Cell Suspension Experiments. Wild-type and Δmtr cells grown on methanol plus acetate were collected in late exponential phase (OD600 = 0.6-0.7) by centrifugation at 5,000 × g for 15 min at 4°C. Cells were washed once with plain HS medium (no substrate) and resuspended in plain HS to a final cell concentration of 109 cells per ml. A total of 2 ml of the suspension were used in the assays, which were conducted under strictly anaerobic conditions in 25-ml tubes sealed with butyl rubber stoppers. Sparsomycin (25 μg/ml) was added to prevent protein synthesis, and substrates were added at the concentrations indicated in Table 2. Cells were held on ice until use, and assays were started by transferring the tubes to 37°C. For rate determinations, the cell concentration was halved. Gas phase samples were withdrawn at various time points and assayed for CH4 by gas chromatography at 225°C in a Hewlett Packard gas chromatograph (5890 Series II) equipped with a flame ionization detector. The column used was of stainless steel filled with 80/120 Carbopack B/3% SP-1500 (Supelco, Bellefonte, PA) with helium as the carrier gas. For total CH4 production, assays were incubated overnight at 37°C and then gas phase samples were withdrawn and analyzed for CH4. Total cell protein was determined by using the Bradford method (18) after an aliquot of the cells was lysed by sonication for 10 s.

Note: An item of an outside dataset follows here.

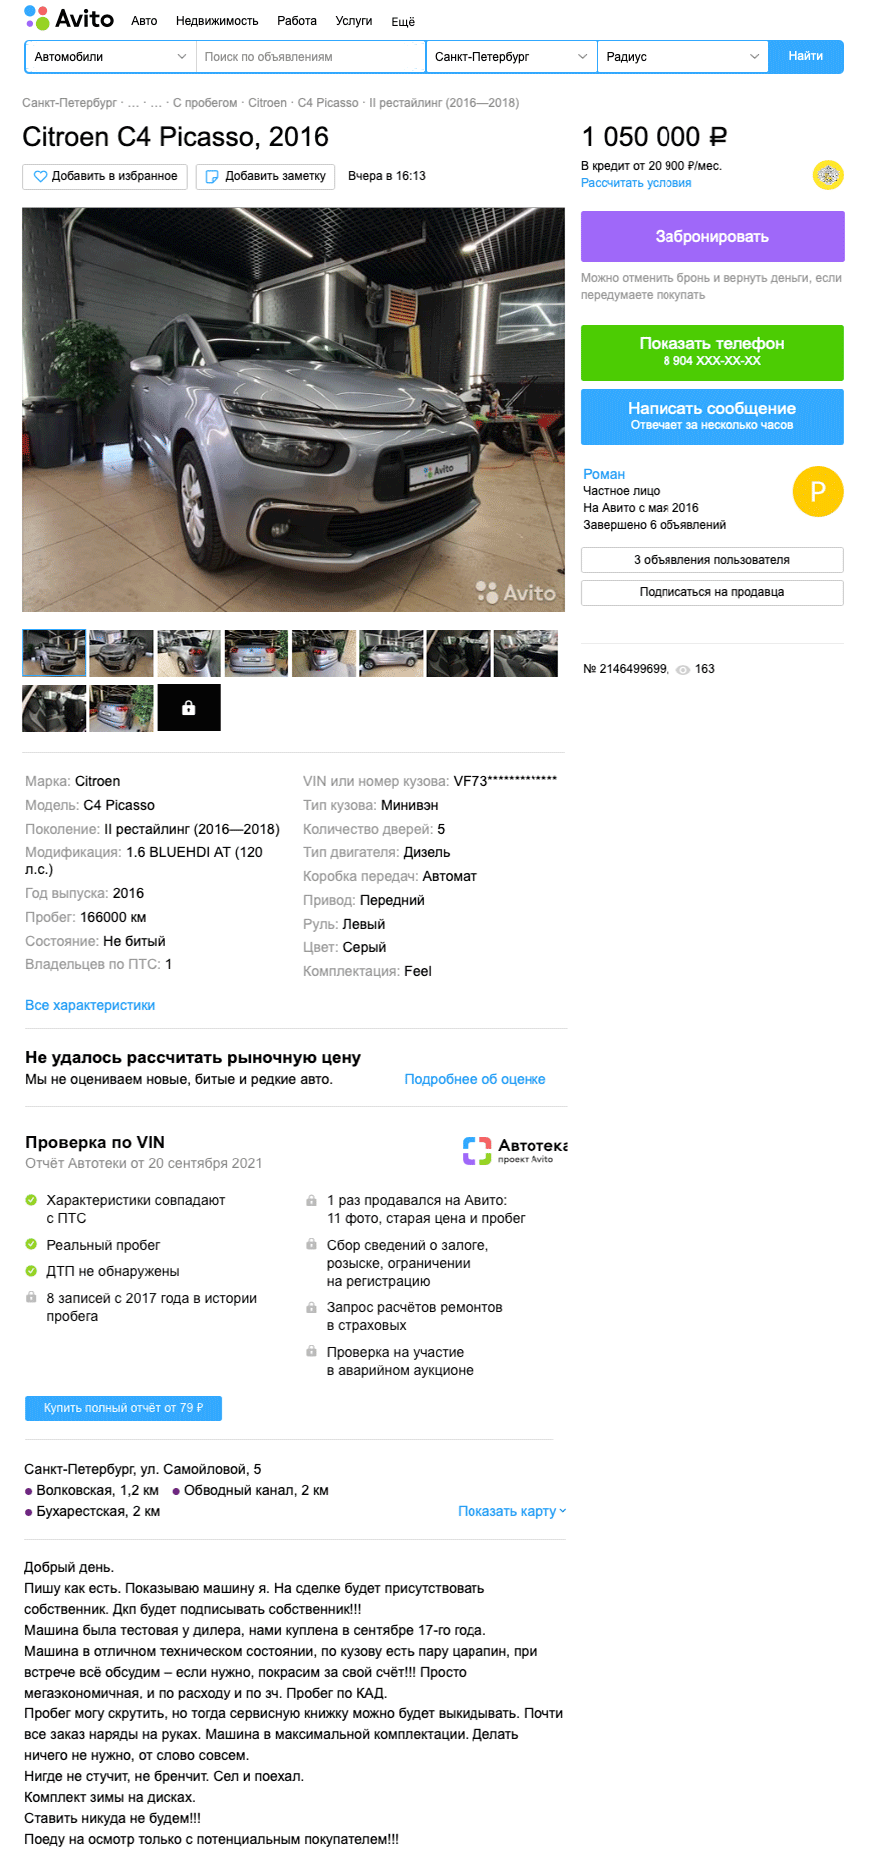 Настоящий вэн по цене Ларгуса: стоит ли покупать Citroen C4 Picasso II за 1 миллион рублей

Table 2. Methane production by cell suspensions of M. barkeri strains.
M. barkeri
|
M. barkeri Δmtr
|
|||
---|---|---|---|---|
Substrate | CH4 produced, μmol | Rate of CH4 production, nmol·min−1·mg−1 | CH4 produced, μmol | Rate of CH4 production, nmol·min−1·mg−1 |
N2/CO2 | <1 | <1 | <1 | <1 |
H2/CO2 | 308 ± 55 | 221 ± 37 | <1 | <1 |
Me | 350 ± 18 | 328 ± 26 | 109 ± 5 | 9 ± 4 |
Me + H2/CO2 | 691 ± 39 | 731 ± 36 | 442 ± 46 | 422 ± 41 |
Me + Ac | 356 ± 6 | 309 ± 6 | 491 ± 13 | 171 ± 20 |
Assays contained 500 μmol methanol and/or 500 μmol acetate and were conducted as described in Materials and Methods; gas phase was either N2/CO2 (80%/20%) or H2/CO2 (80%/20%) at 250 kPa.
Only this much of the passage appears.